Links to UN CRC Article 2: The Convention applies to everyone whatever their race, religion, abilities, whatever they think or say and whatever type of family they come from.
Links to UN CRC Article 30: Children have a right to learn and use the language and customs of their families, whether these are shared by the majority of people in the country or not.
At the heart of our Gospel teachings is Jesus’ commandment:
‘To love one another as I have loved you’.
All pupils are taught the importance of self-respect, honest and open communication with others and fair play. Pupils work collaboratively and value others’ opinions.
At St. Wulstan’s, our Christian values of respect and tolerance permeate all areas of school life. Our school ethos encourages everyone to consider and support each other and to celebrate the worth and individuality of every member of the school community. This engenders a climate within which the children feel safe and secure and facilitates the fulfilment of potential. All staff demonstrate respect to everyone with whom they come into contact. They consistently model and promote the behaviours and attitudes that are the foundation of positive relationships.
Assemblies and class work promote the diversity of society and the right for each person to be respected and valued equally regardless of ability, gender, faith, heritage or race. Our school and playtime rules reiterate our mutual respect for others. Use of talk partners, working in pairs and groups, sharing resources, team work, respecting the opposition in PE as well as learning to be good winners and good losers ensure that mutual respect is evident at all levels of our daily work.
Tolerance of those of Different Faiths and Beliefs
Links to UN CRC Article 14: Children have the right to think and believe what they want, and to practise their religion, as long as they are not stopping other people from enjoying their rights. Parents should guide their children on these matters.

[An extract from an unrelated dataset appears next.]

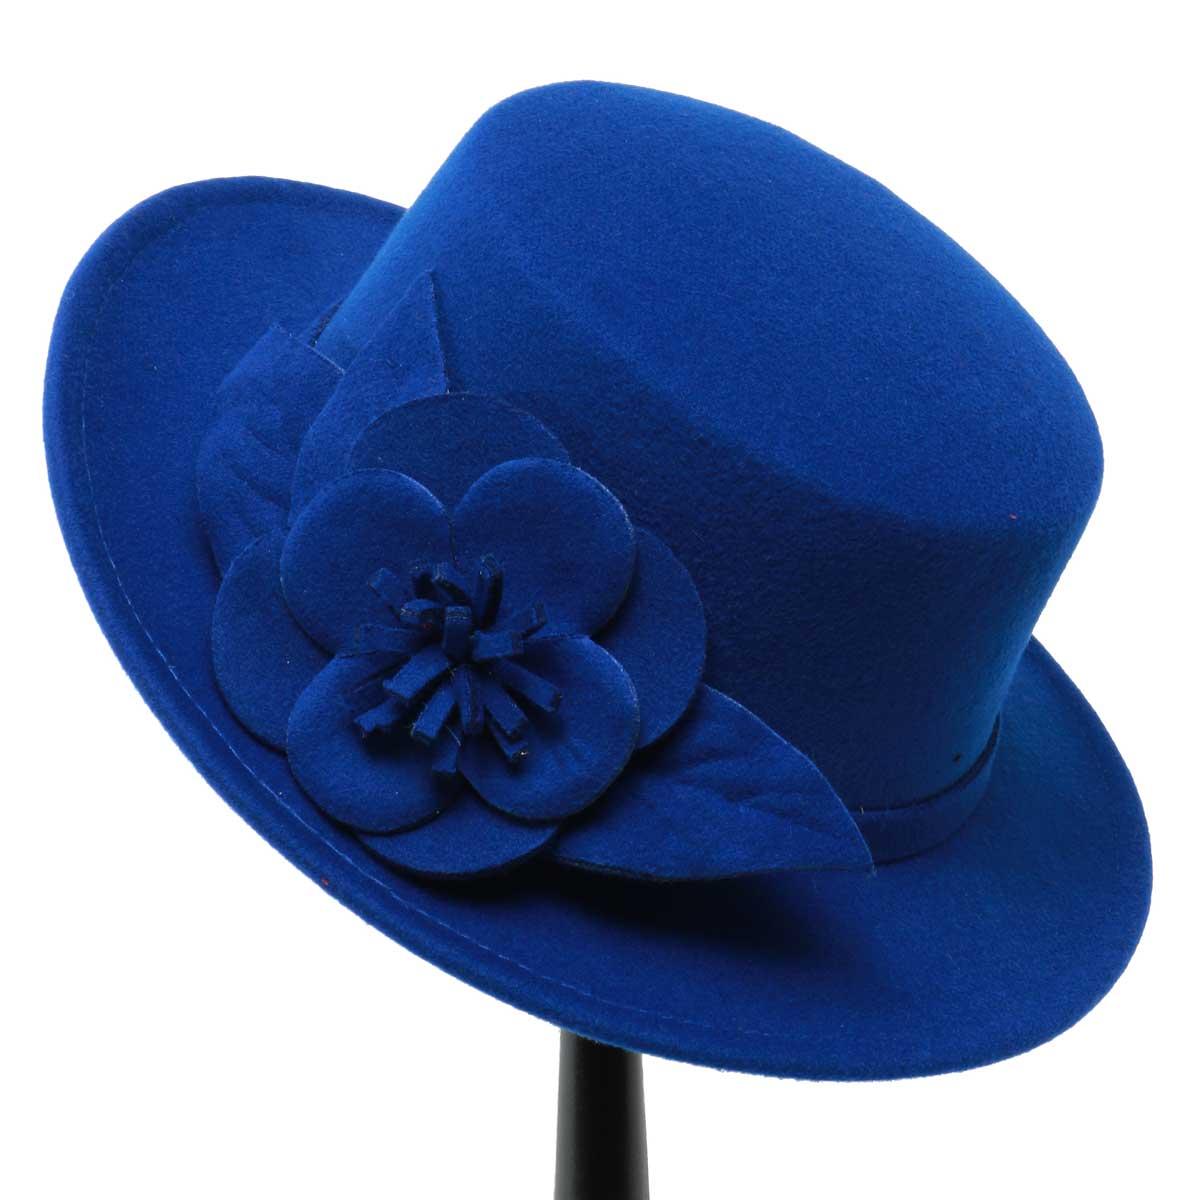 BLUE GAINSBOROUGH HAT 50sp

The school’s curriculum aims to develop understanding of the world and the children are reminded of their place in a culturally diverse society. The RE and PSHCE schemes of work provide opportunities for pupils to develop tolerance of and empathy towards those from different faiths and beliefs. Assemblies and discussions involving prejudices and prejudice-based bullying are followed and supported by learning in RE and PSHE. We use whole school knowledge assemblies as a chance to introduce the children to a range of different celebrations and religious festivals e.g. Chinese New Year, Christmas, Easter, Diwali, Eid etc. At St. Wulstan's we take part in annual Poppy Day commemorations where children have made or can purchase poppies and a minute’s silence is held in special assemblies for the school. On a more general level, the school undertakes daily collective worship/circle times which uphold traditional values of empathy, respect and tolerance. These are also taught within formal PSHE and RE lessons and on an informal nature throughout the school days.
Actively promoting these values, which are also integral to many other countries throughout the world, means challenging pupils, staff or parents/carers who express opinions contrary to fundamental British values, including ‘extremist’ views.
School has the duty to have due regard to the need to prevent people from being drawn into terrorism. Being drawn into terrorism includes not just violent extremism but also non-violent extremism, which can create an atmosphere conducive to terrorism and can popularise views which terrorists exploit. Schools must be safe spaces in which children and young people can understand and discuss sensitive topics, including terrorism and the extremist ideas that are part of terrorist ideology, and learn how to challenge these ideas.
We, as a school, need to be mindful of our existing duties to forbid political indoctrination and secure a balanced presentation of political issues. These duties are imposed on maintained schools by sections 406 and 407 of the Education Act 1996.